- [Problem to solve]
What you return should match the material below line for line, except that no image appears in it.

- [Dataset excerpt]
··········

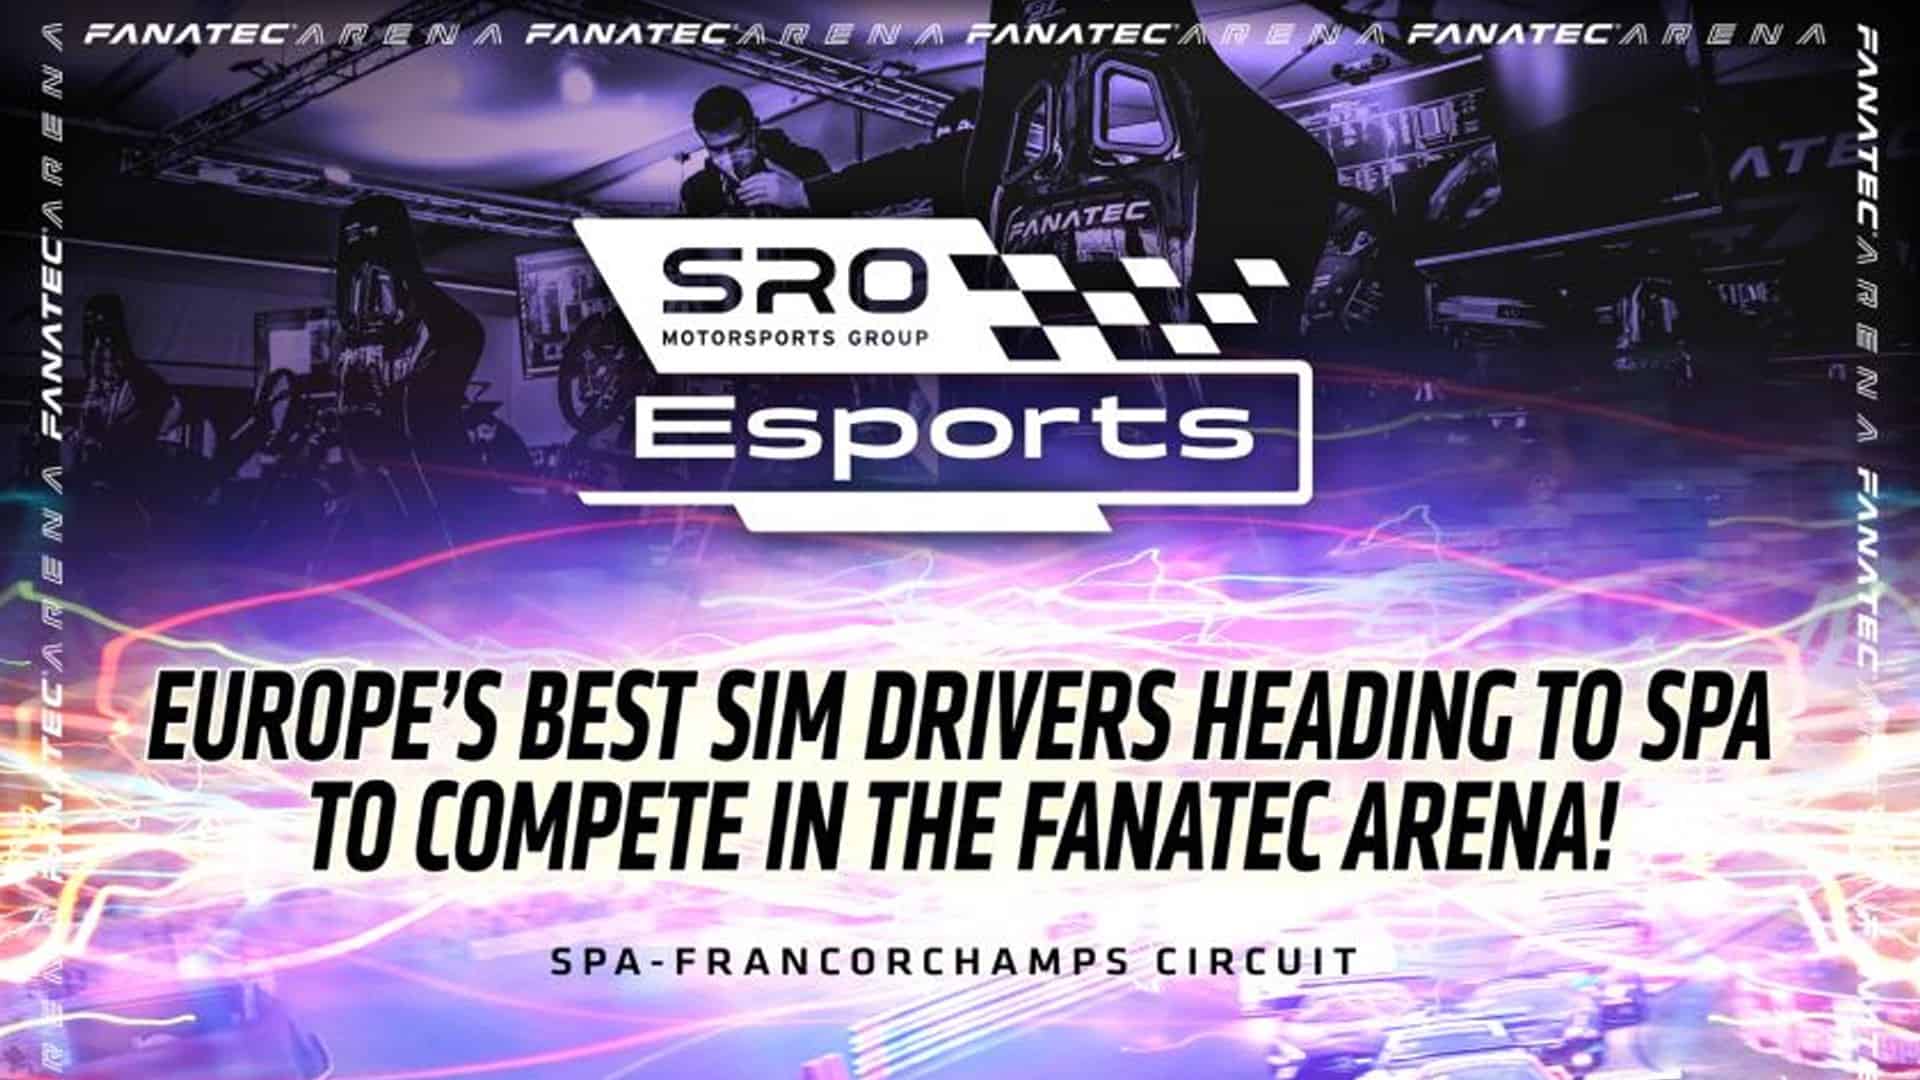 SRO Esports Racing Night will take place at Fanatec Esports Arena during 2022 Spa 24
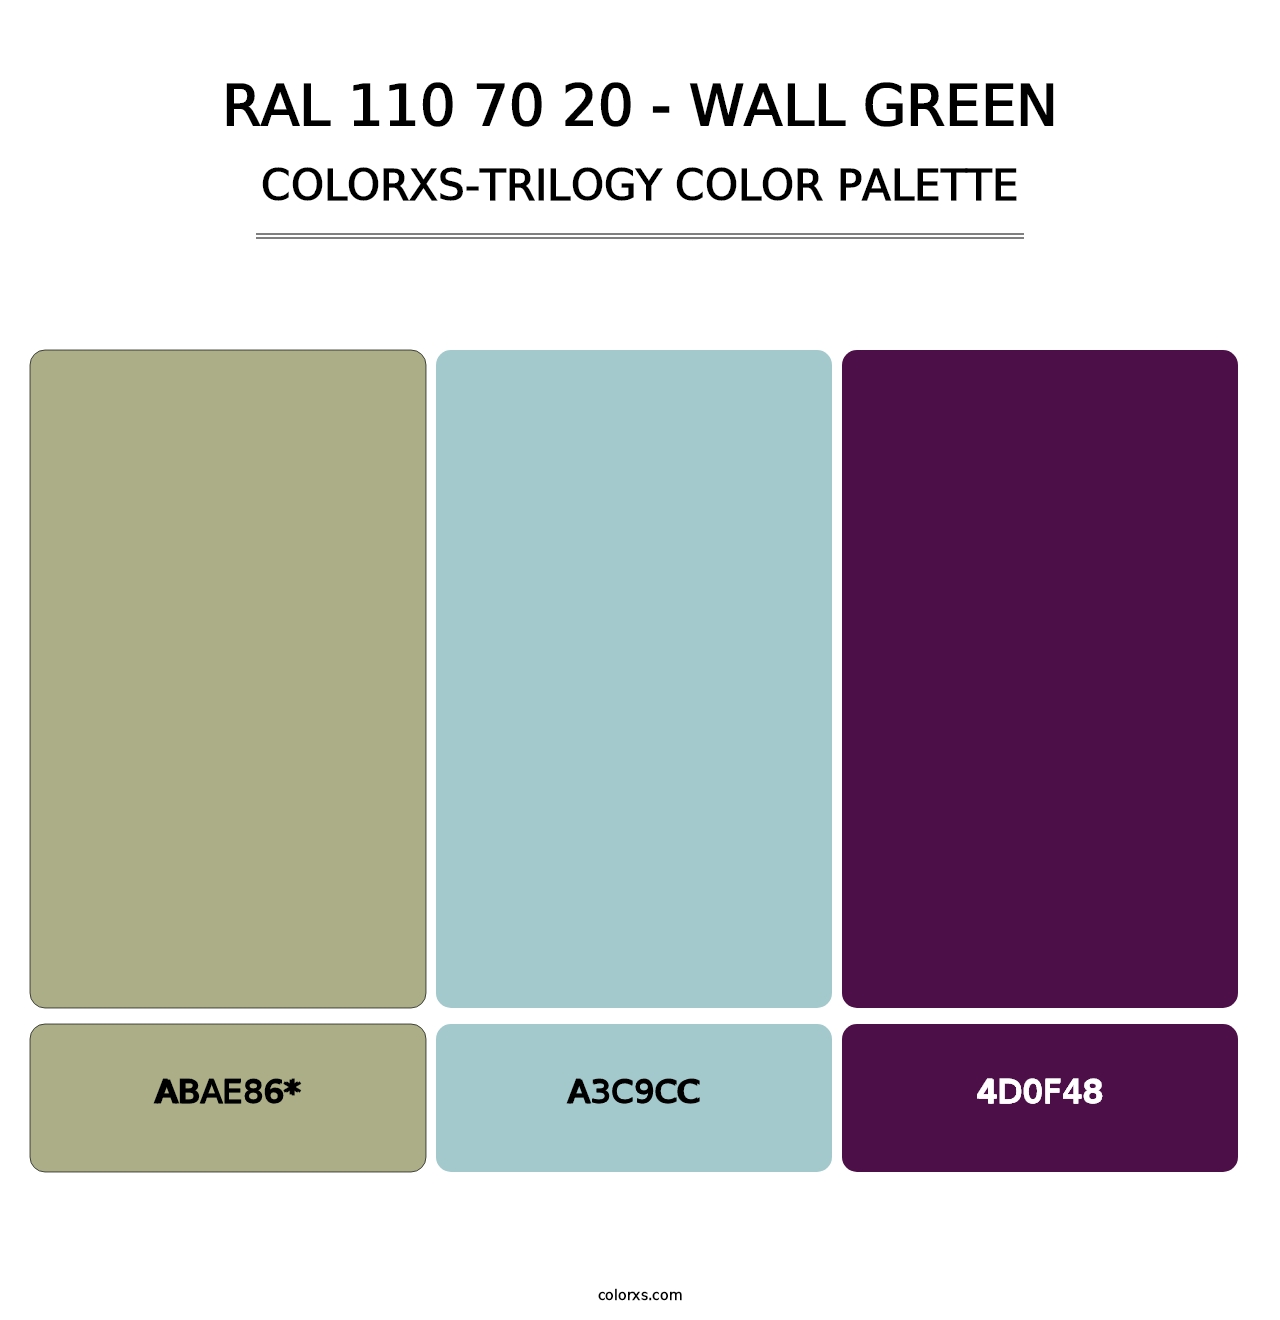 RAL 110 70 20 - Wall Green - Colorxs Trilogy Palette
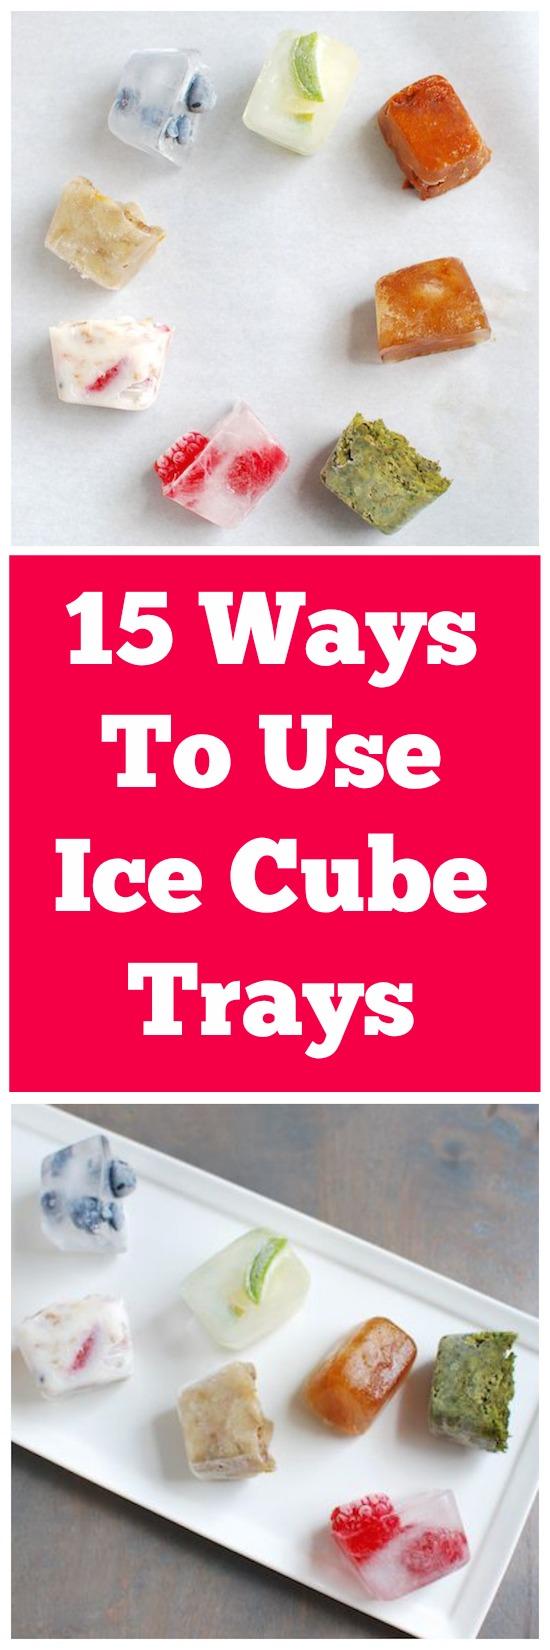 8 Brilliant Ice Cube Tray Hacks - Reviewed
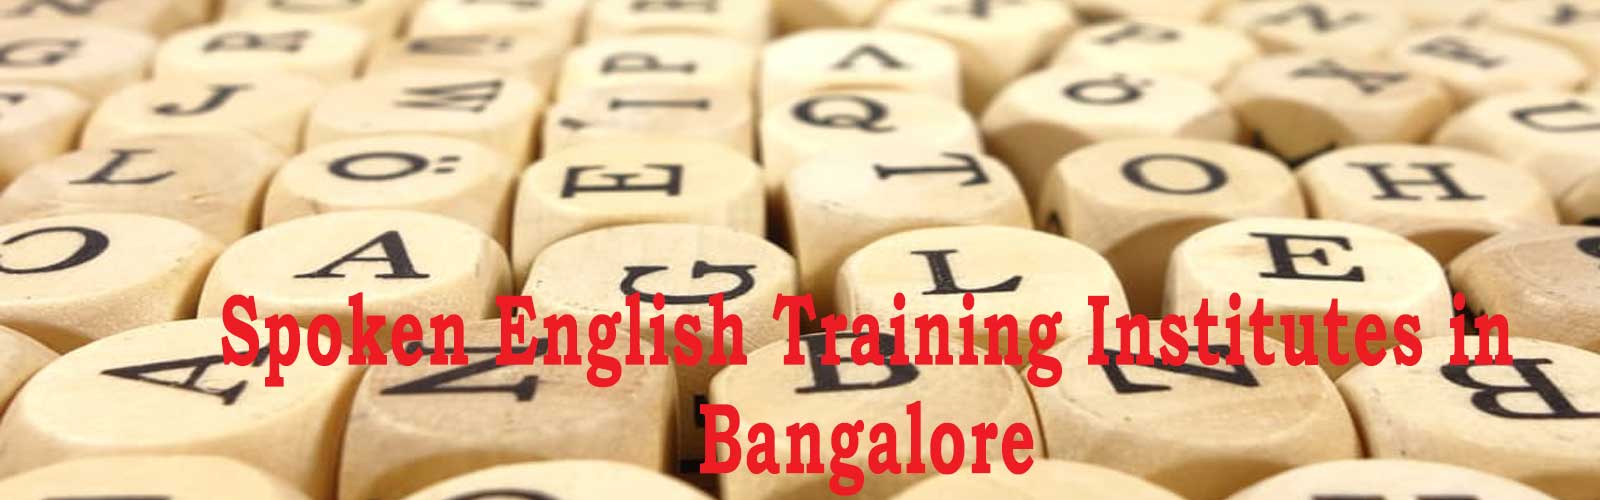 Spoken-English-Training-Institutes-in-Bangalore

··········

- [Output of the task]
 SRO Esports Racing Night will take place at Fanatec Esports Arena during 2022 Spa 24
 RAL 110 70 20 - Wall Green - Colorxs Trilogy Palette
 8 Brilliant Ice Cube Tray Hacks - Reviewed
 Spoken-English-Training-Institutes-in-Bangalore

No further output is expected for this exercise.